ABOUT THIS TASK
All of the data that follows is to be printed exactly, without pictures.

DATASET EXCERPT
- - - -
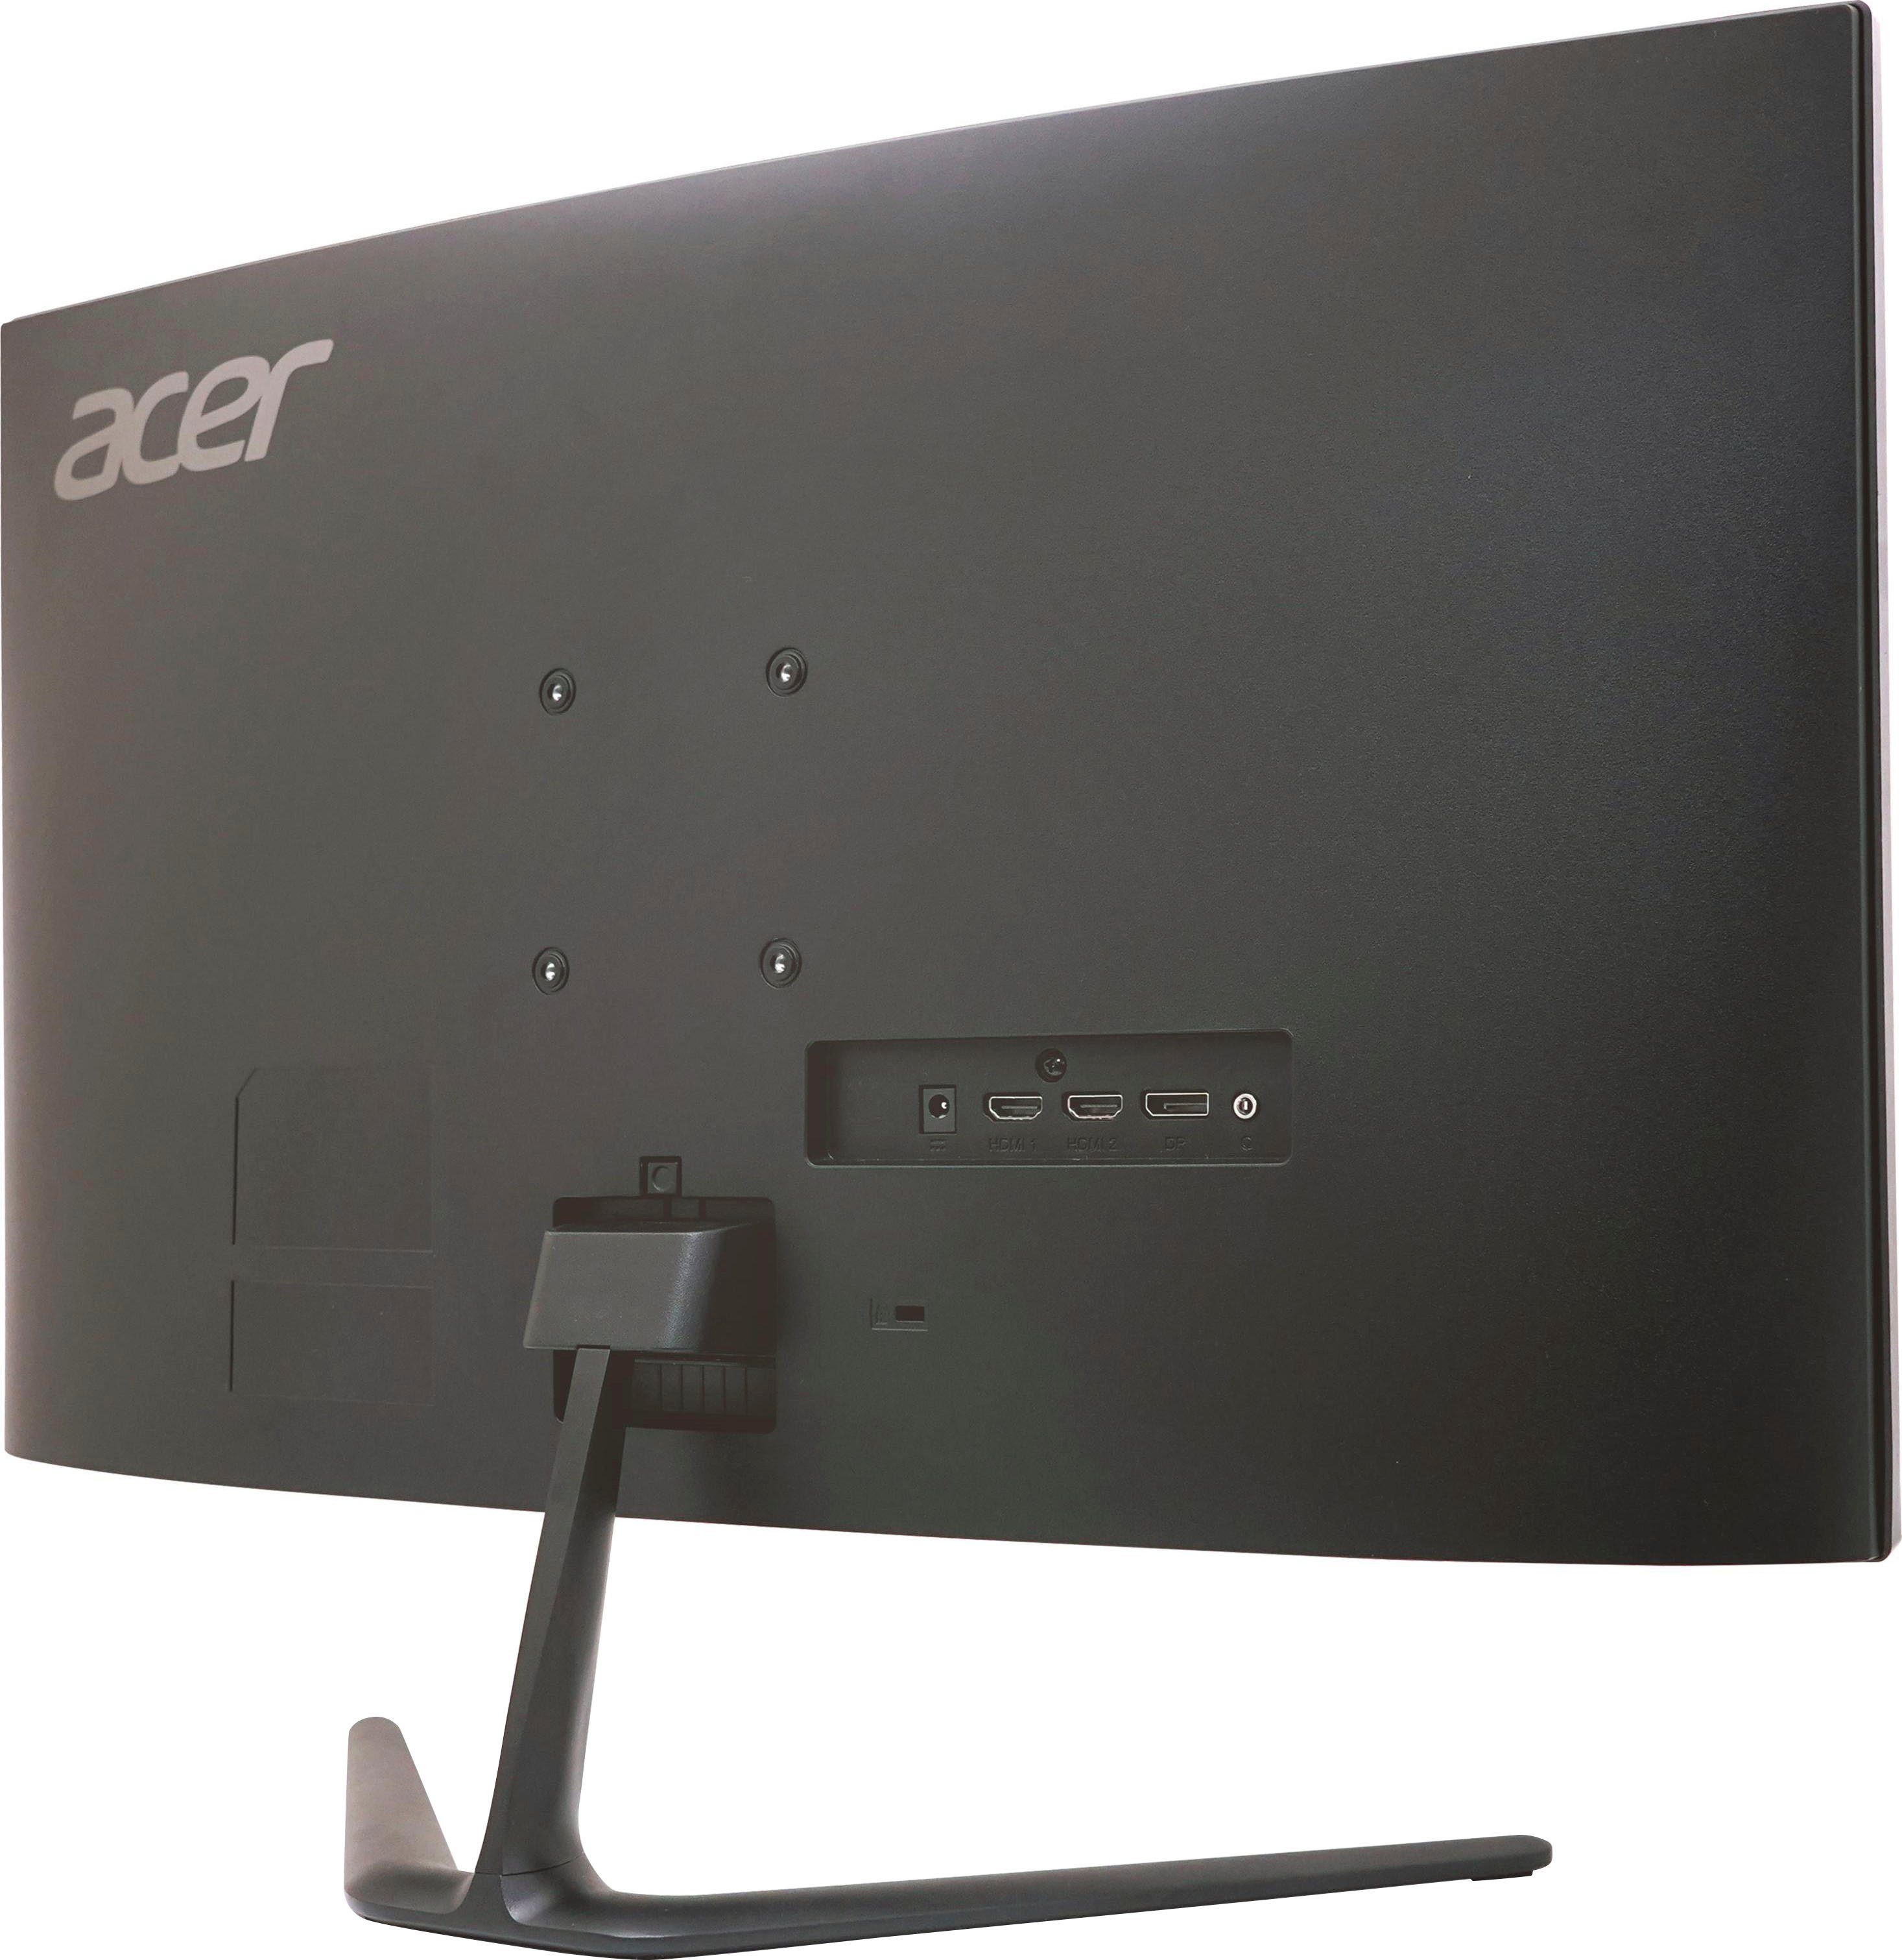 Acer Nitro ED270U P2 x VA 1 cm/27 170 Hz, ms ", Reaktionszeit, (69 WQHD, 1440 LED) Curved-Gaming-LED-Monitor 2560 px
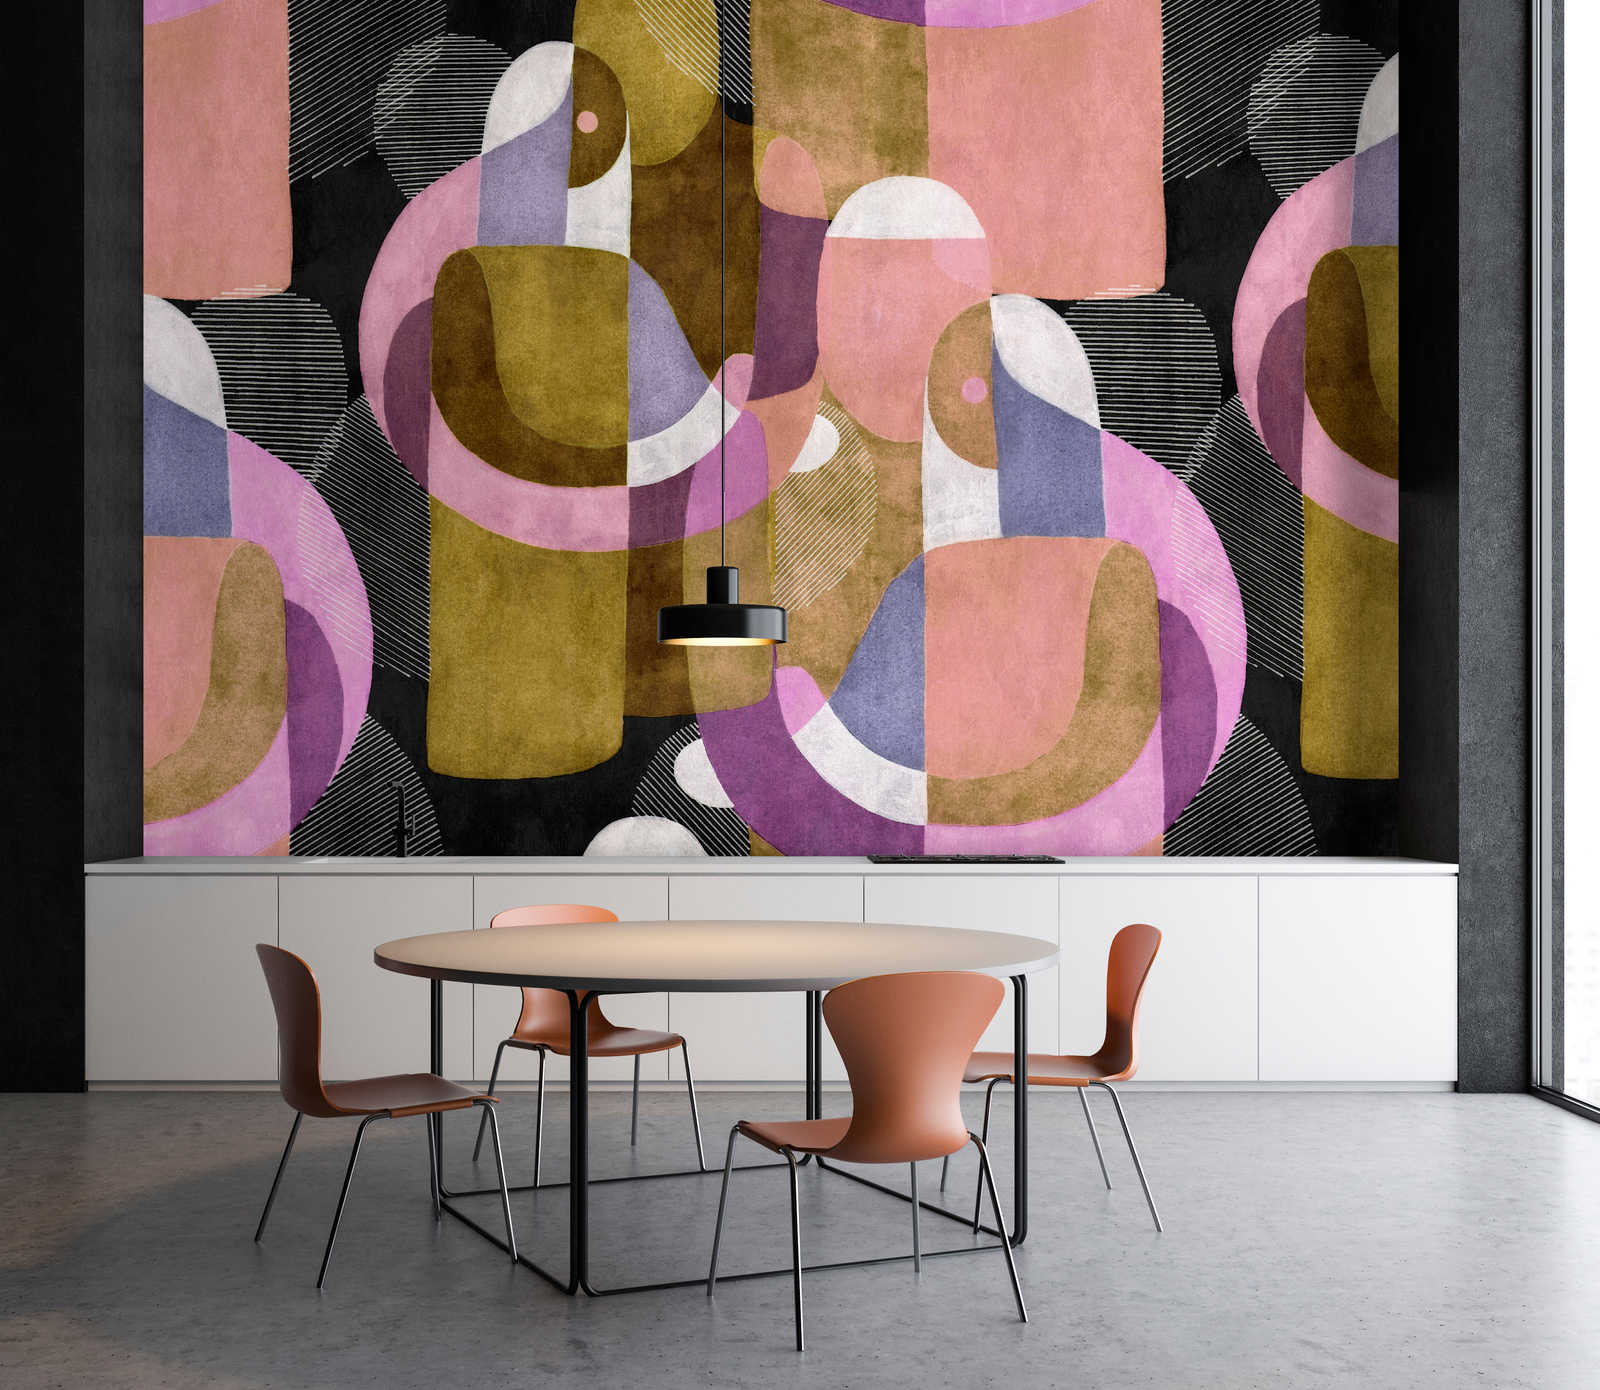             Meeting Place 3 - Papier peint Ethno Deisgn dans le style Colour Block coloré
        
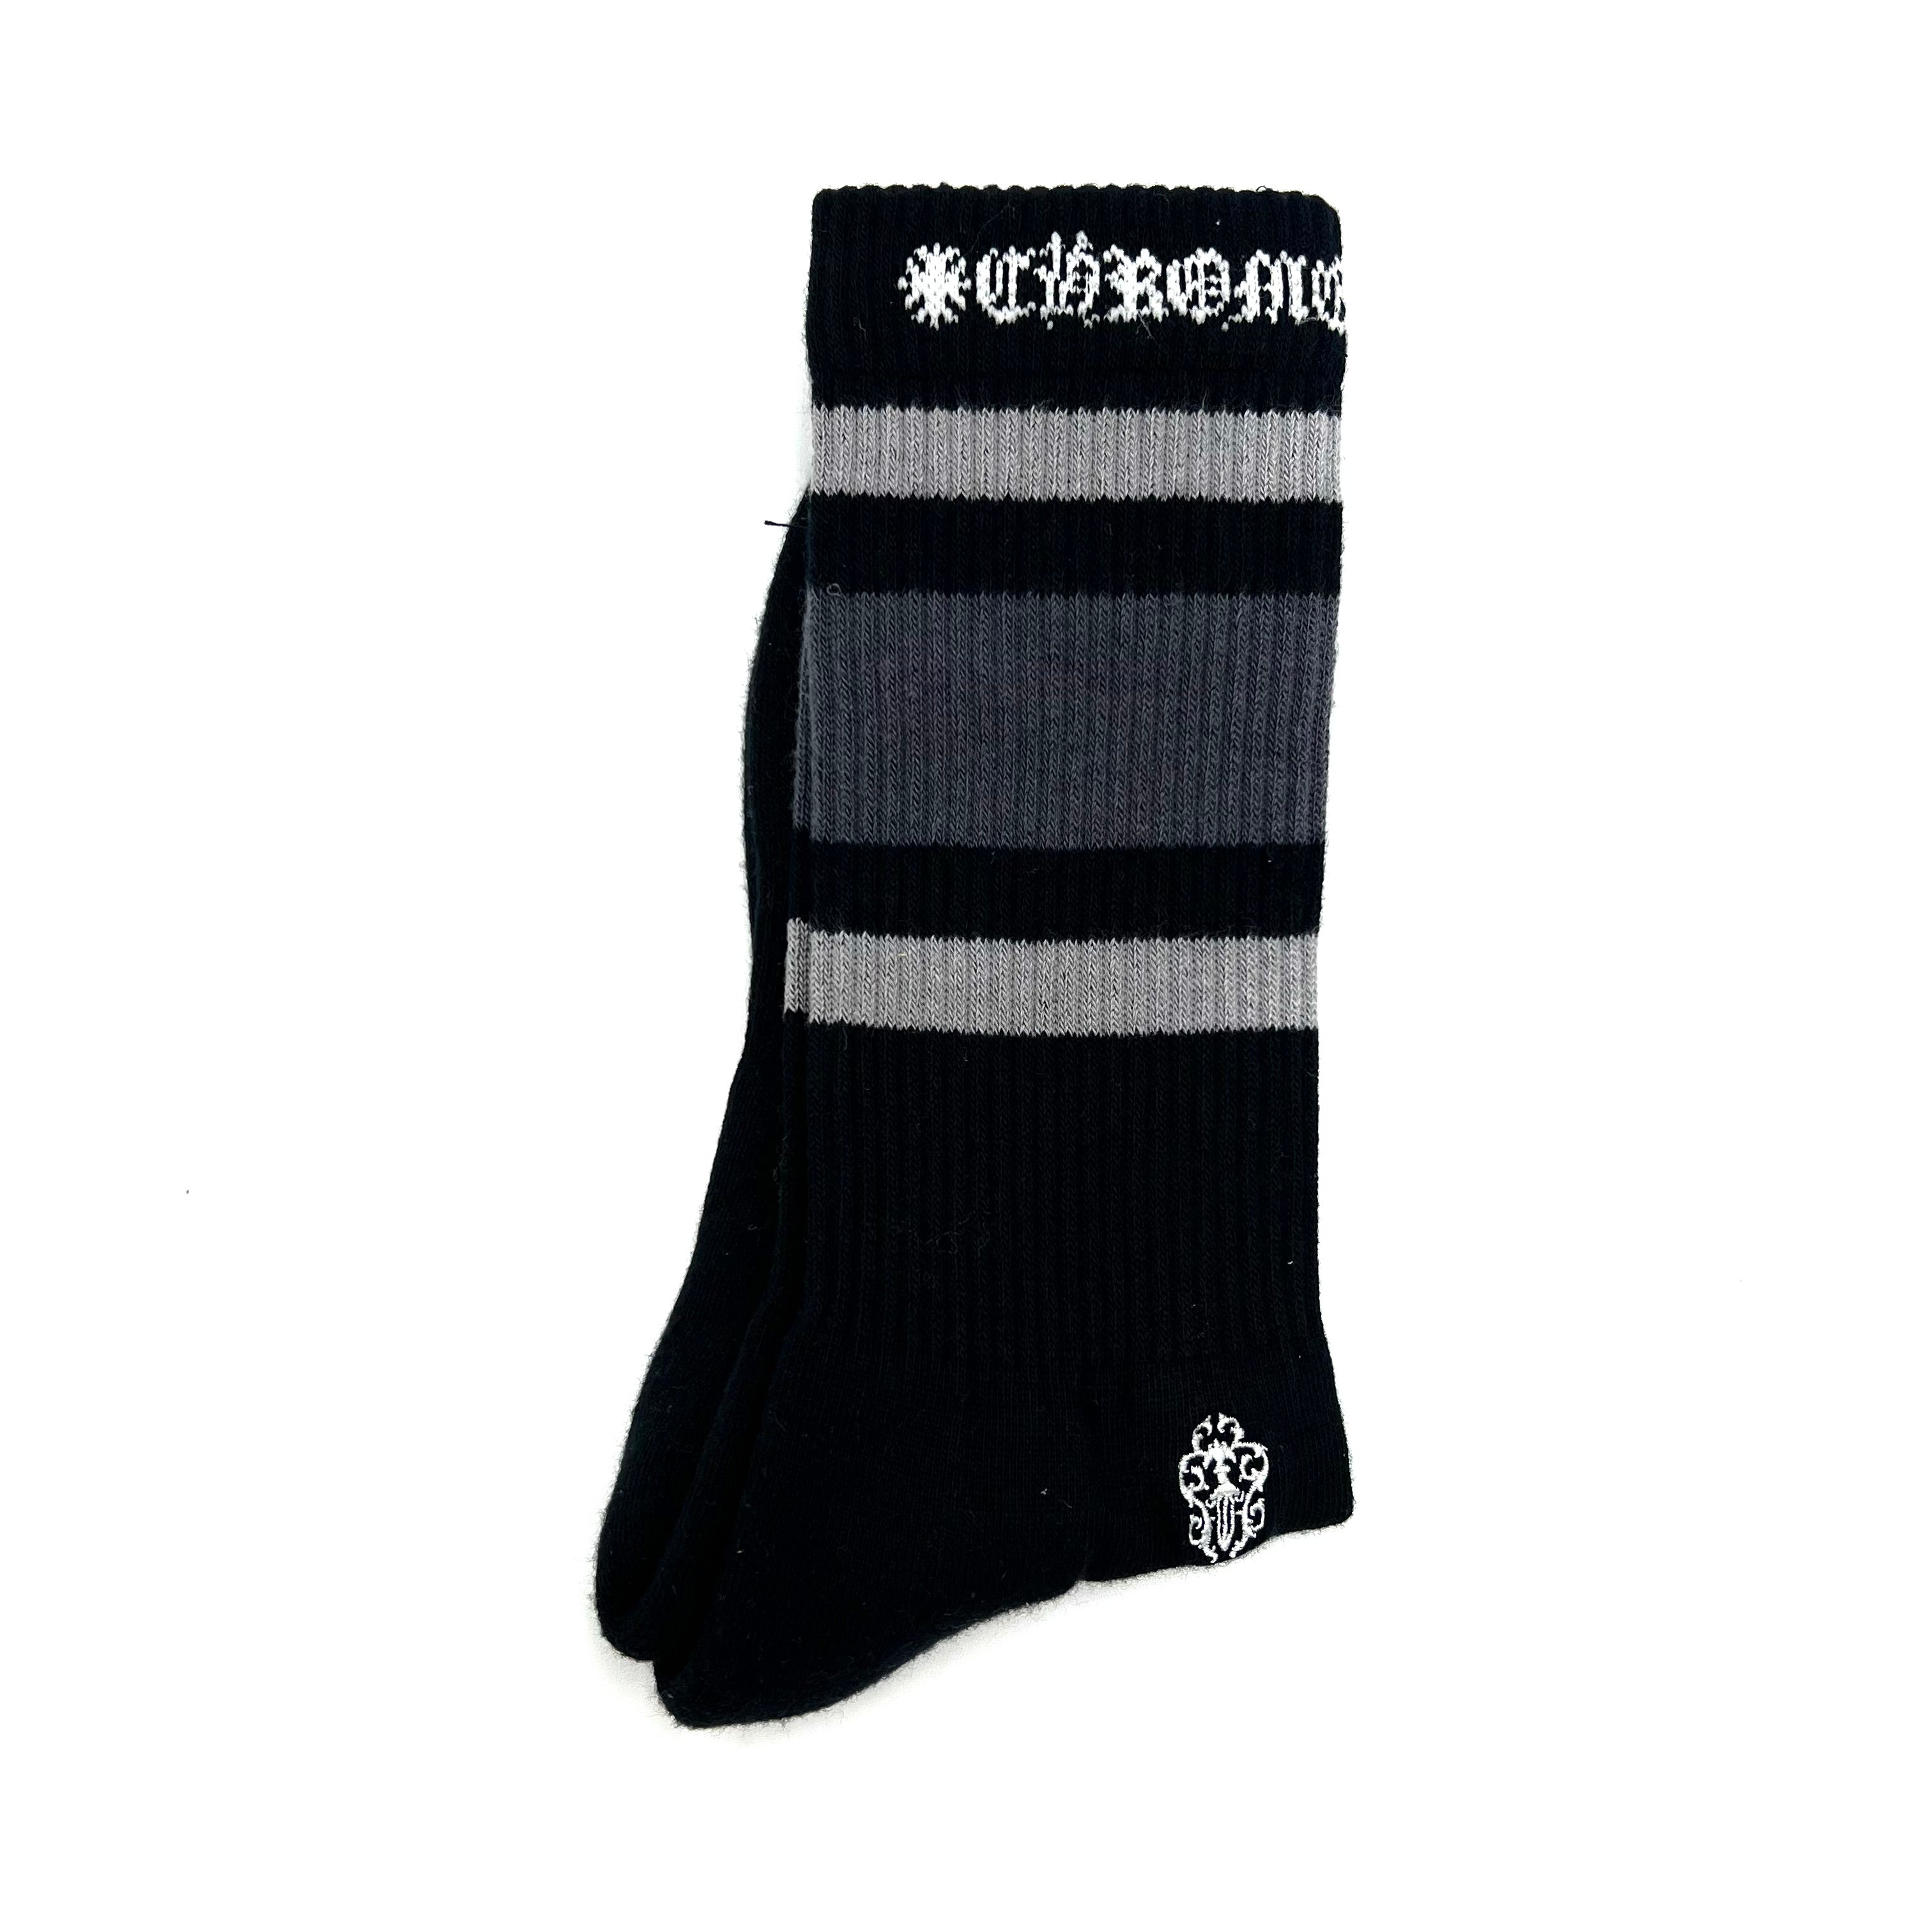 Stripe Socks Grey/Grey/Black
- - - -
SOLUTION TO THIS TASK
 Acer Nitro ED270U P2 x VA 1 cm/27 170 Hz, ms ", Reaktionszeit, (69 WQHD, 1440 LED) Curved-Gaming-LED-Monitor 2560 px
             Meeting Place 3 - Papier peint Ethno Deisgn dans le style Colour Block coloré
        
 Stripe Socks Grey/Grey/Black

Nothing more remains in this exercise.